FRANCES CRANE – The Golden Box. Pat Abbott & Jean Holly #2. J. B. Lippincott, hardcover, 1942. Popular Library #80, paperback, no date stated, circa 1946. Rue Morgue Press, softcover, 2005.

   This second of a series of 26 crime-solving adventures of husband-and-wife (to be) takes place in Jean Holly’s home town of Elm Hill, Illinois, not in New Mexico, where she has been living ever since her parents died. She is single, but at the age of 26, she is starting to wonder how she will manage the rest of her life as an old maid. Her future husband, a private detective named Patrick Abbott, is in the picture, though, and part of the fun of this book is in watching how their somewhat bumpy romance is progressing.

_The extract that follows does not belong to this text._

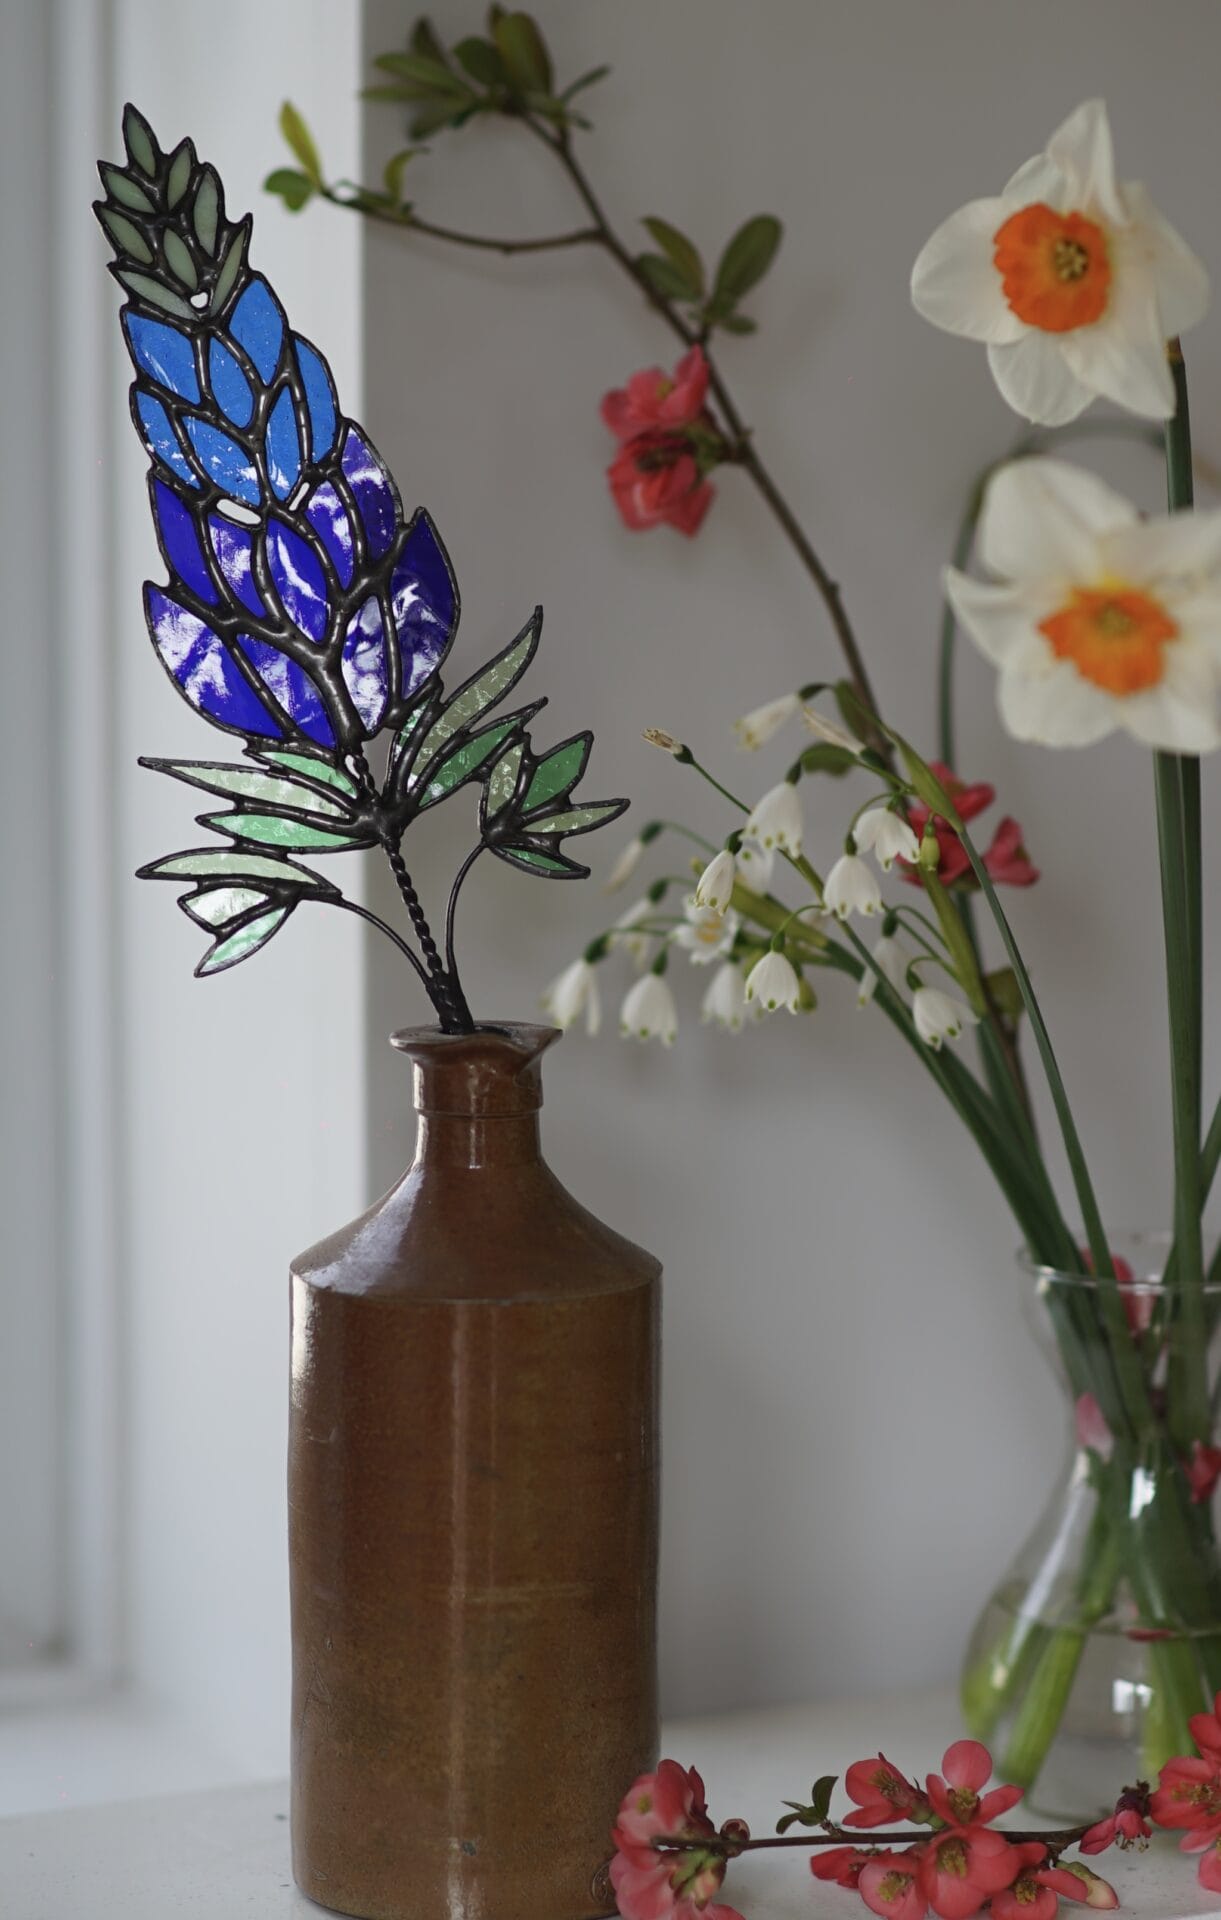 stained glass flowers and vines in ceramic vases alongside live specimens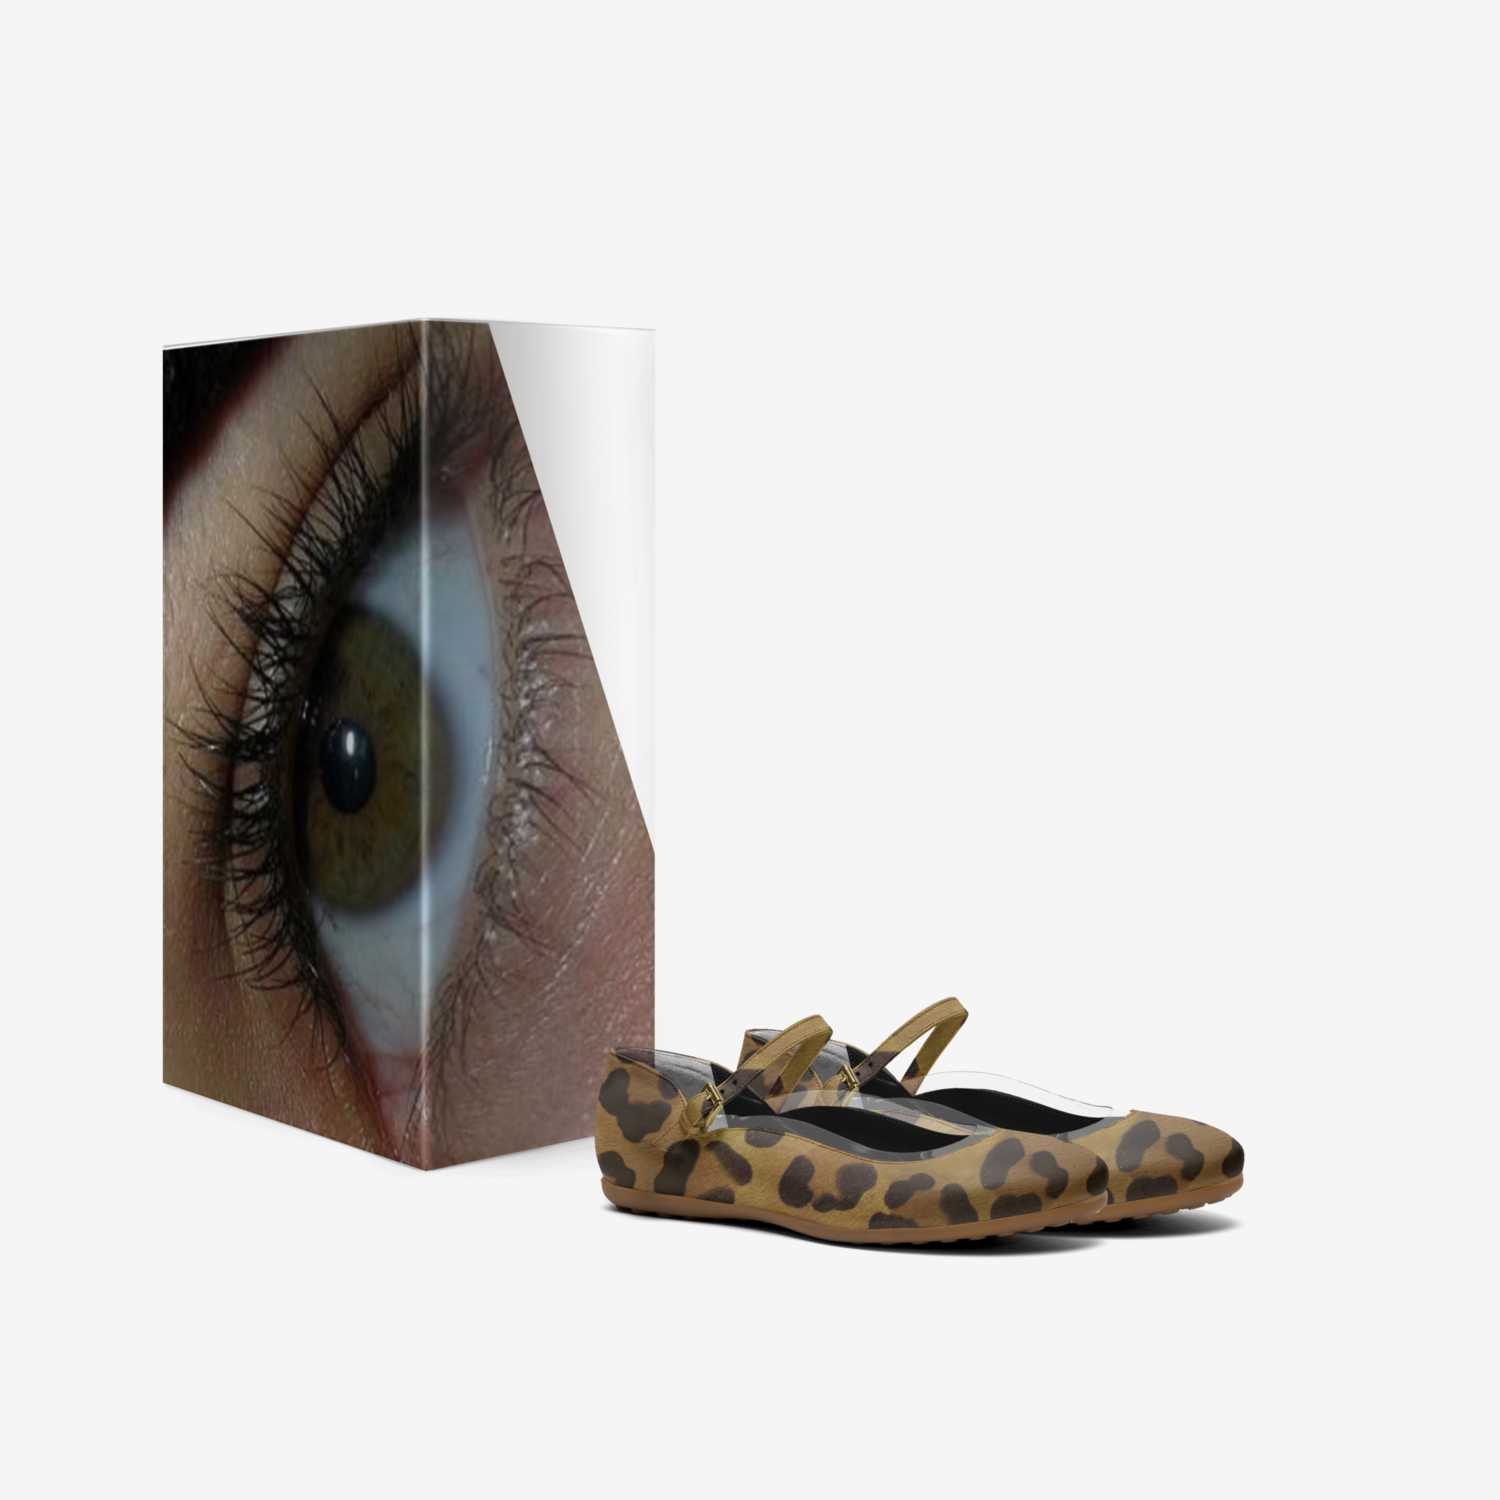 CHEETAH custom made in Italy shoes by Trey Fx | Box view

   But from Jean’s point of view only. Pat Abbott is one of those strong, quiet kind of men, and getting him to say more than a couple of words about the case at a time, for example, is a bit of a struggle. What he thinks about Jean is another matter altogether — there we have no idea — but that he is in Illinois where Jean’s Aunt Sue is recovering from a short illness should tell you something.

   Dead is the rich old lady who runs just about everything in terms of Elm Hill society matters, and she is pretty much disliked for that very same same reason. Domineering, you might say. Her death might have been passed off as natural if it weren’t for the followup death of the black maid who found her body — in her case a suicide that that doesn’t look like one, not to the trained eye of an expert like Pat Abbott.

   The opening chapter is a bit of mess, with characters being introduced willy-nilly without very much of an introduction, and the ending is cluttered and confused. In between, though, the hometown sleuthing is fun to watch and goes down smoothly — there are lots of suspects!

   While there is one good clue as to the killer’s identity, Pat Abbott otherwise keeps all his cards too close to his chest (see above). The motive for the killing is discovered, for example, only by sending a telegram off to his secretary back in his office for her most timely assistance.